The default behavior of DuplicateFinder
is to assume
that the text documents are sorted from oldest to newest in the collection.
However, that is not necessarily the case. This is why
DuplicateFinder
also supports retrieving the date from
the document metadata.
Let’s rebuild our collection of text documents, adding a "creation_date"
entry
to the metadata of each doc (that we extract from the filename for the purpose
of the example):
collections = []
for patient_subdir in sorted(main_dir.glob("*")):
docs = []
for file in patient_subdir.glob("*.txt"):
# example file name: 02e0b400-2012_01_29.txt
# we extract the date from the 2nd part of the base name
date = file.name.split("-")[1]
# add the date to the document metadata under the "creation_date" key
doc = TextDocument(text=file.read_text(), metadata={"creation_date": date})
docs.append(doc)
collection = Collection(text_docs=docs)
collections.append(collection)
and let’s use that metadata when finding duplicates:
# tell DuplicateFinder to use the "creation_date" metadata to order documents
dup_finder = DuplicateFinder(output_label="duplicate", date_metadata_key="creation_date")
dup_finder.run(collections)
Note that the values of the date metadata should be sortable, in a way that makes sense. For instance using date strings with format “DD-MM-YYYY” rather than “YYYY-MM-DD” wouldn’t work.
Ignoring duplicated zones#
Most of the time, we will probably want to ignore duplicate zones, ie to work on
segments identifying the non-duplicate zones of our documents. This can be
achieved with the segments_to_output
init parameter of
DuplicateFinder
. By default, it is set to "dup"
, which means that
segments for duplicate zones will be added to documents. But it can be set
instead to "nondup"
, in which case segments for non-duplicate zones will be
added to documents[1].
Let’s see an example of how to run a minimalistic NER pipeline on the non-duplicate zones of our documents:
from medkit.core import DocPipeline, Pipeline, PipelineStep
from medkit.text.segmentation import SentenceTokenizer
from medkit.text.ner import RegexpMatcher, RegexpMatcherRule
# create segments for non-duplicate zones with label "nonduplicate"
dup_finder = DuplicateFinder(
output_label="nonduplicate",
segments_to_output="nondup",
date_metadata_key="creation_date",
)
# create a minimalistic NER pipeline
sentence_tok = SentenceTokenizer(output_label="sentence")

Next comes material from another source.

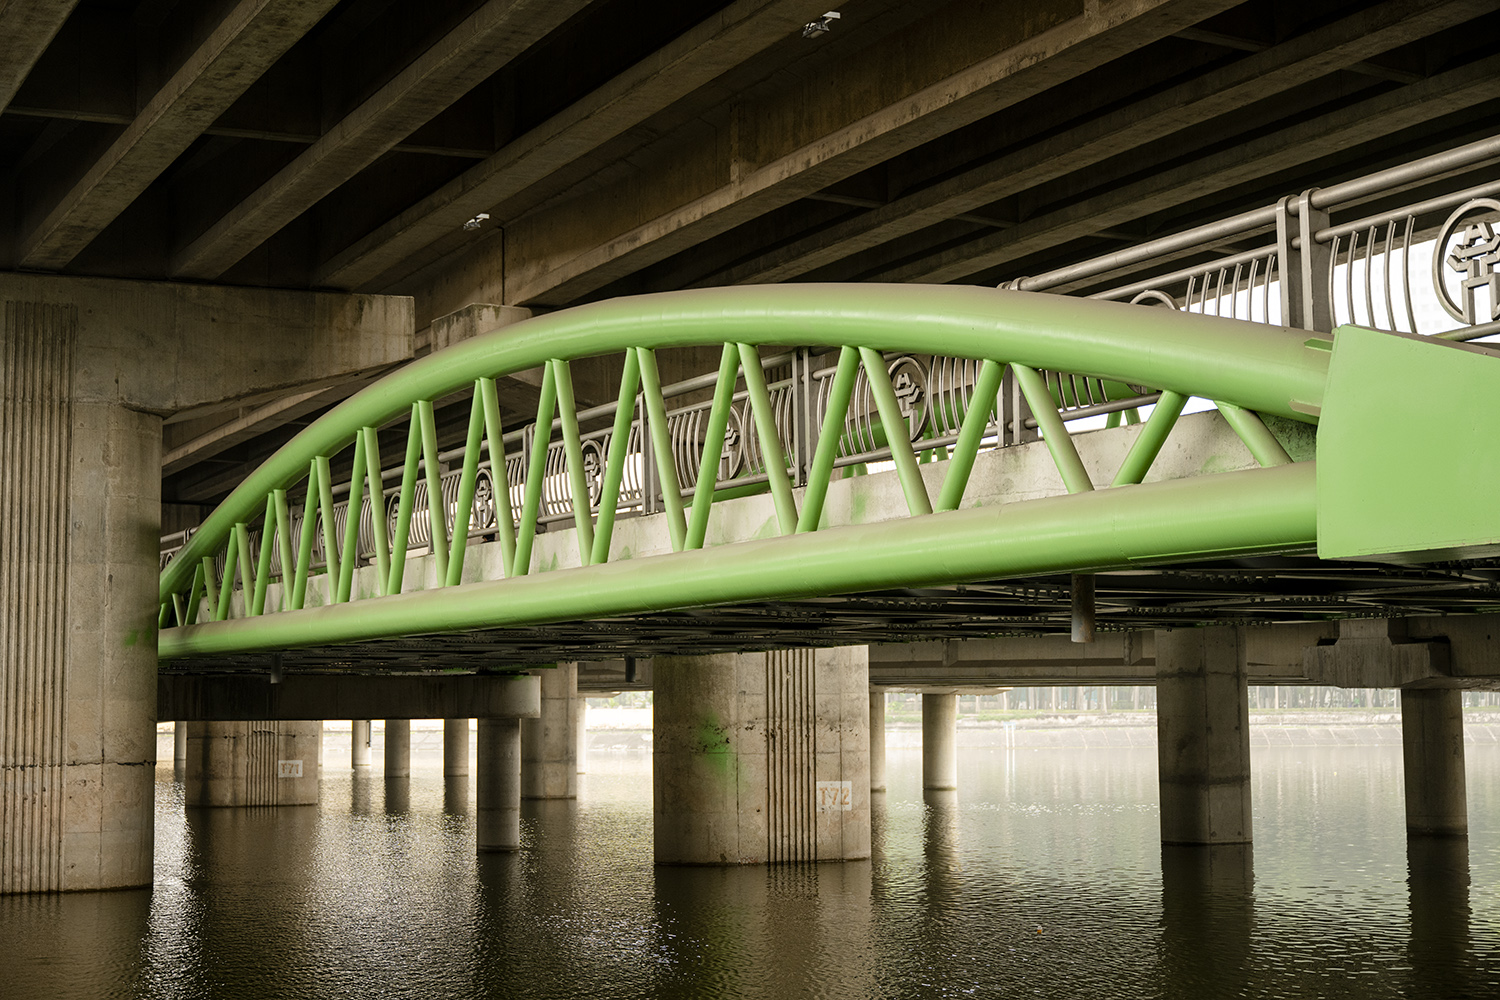 Hình ảnh không ngờ ở cây cầu có kiến trúc giống cầu cổ, giúp tài xế tránh nắng mưa - 5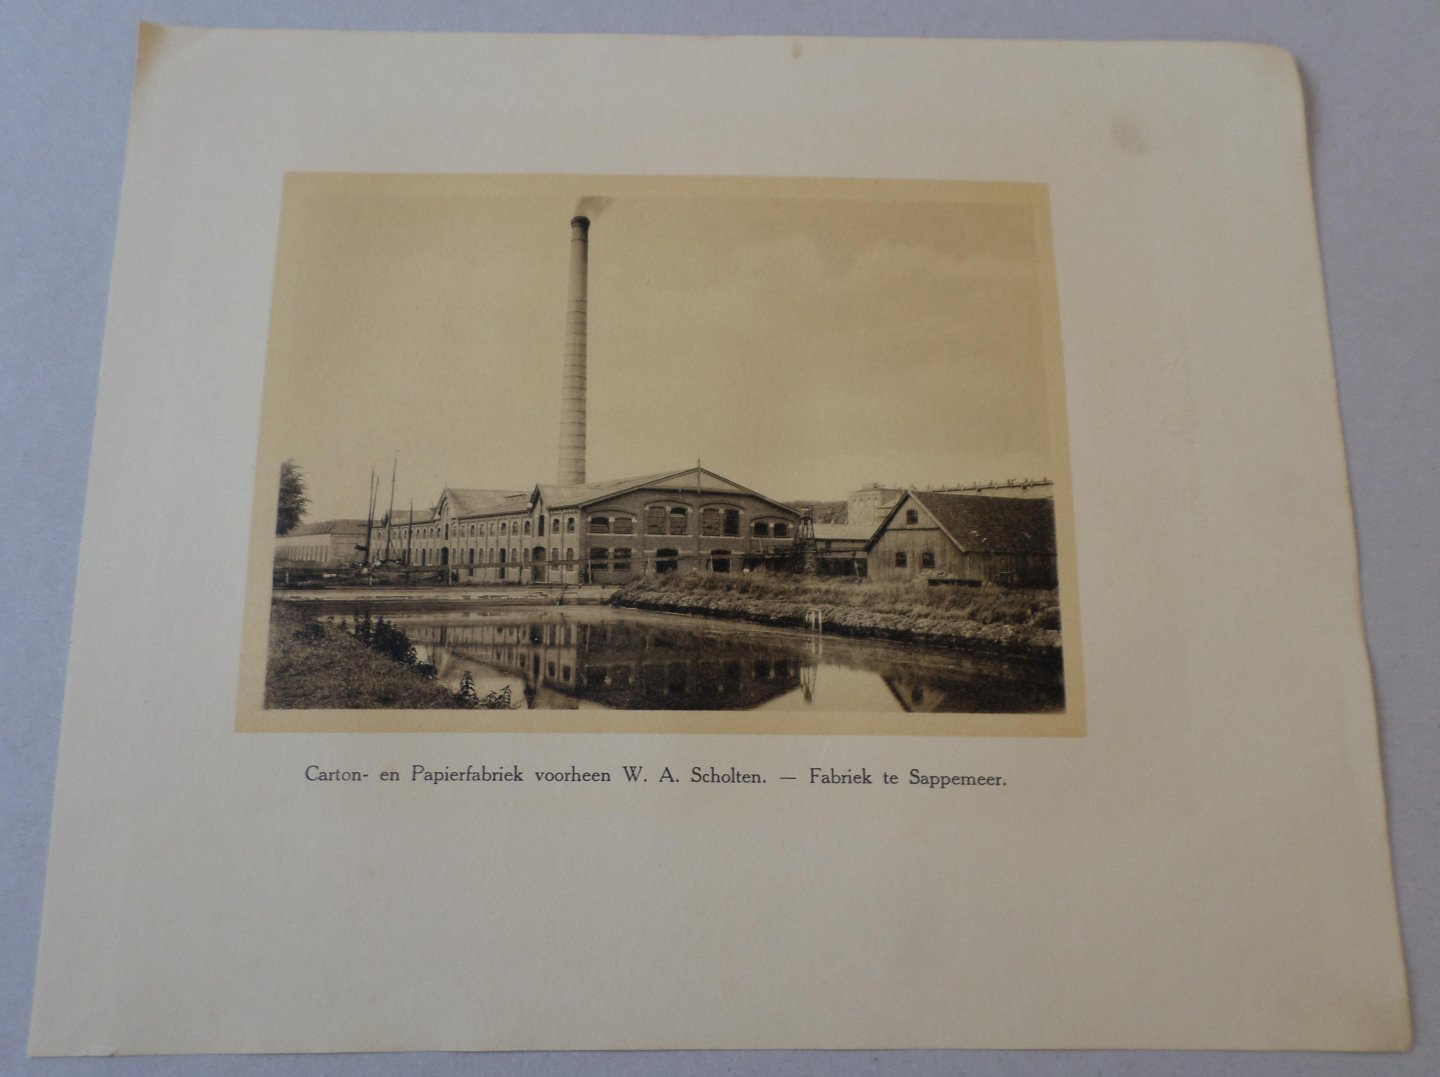 Afbeelding  Carton- en Papierfabriek W.A. Scholten. - Fabriek te Sappemeer. - Afbeelding  Carton- en Papierfabriek W.A. Scholten. - Fabriek te Sappemeer.

matcher = RegexpMatcher(rules=[RegexpMatcherRule(regexp=r"\binsuffisance\s*rénale\b", label="problem")])
pipeline = Pipeline(
steps=[
PipelineStep(sentence_tok, input_keys=["raw_text"], output_keys=["sentences"]),
PipelineStep(matcher, input_keys=["sentences"], output_keys=["entities"]),
],
input_keys=["raw_text"],
output_keys=["entities"],
)
# use "nonduplicate" segments as input to the NER pipeline
doc_pipeline = DocPipeline(
pipeline=pipeline,
labels_by_input_key={"raw_text": ["nonduplicate"]},
)
# run everything
dup_finder.run(collections)
for collection in collections:
doc_pipeline.run(collection.text_docs)
Let’s now visualize the annotations of the 2 documents of the first patient:
from spacy import displacy
from medkit.text.spacy.displacy_utils import medkit_doc_to_displacy
doc_1 = collections[0].text_docs[0]
displacy_data = medkit_doc_to_displacy(doc_1)
displacy.render(displacy_data, manual=True, style="ent")
doc_2 = collections[0].text_docs[1]
displacy_data = medkit_doc_to_displacy(doc_2)
displacy.render(displacy_data, manual=True, style="ent")
As expected, the “insuffisance rénale” entity was only found in the original report but properly ignored in the more recent report that copy-pasted it.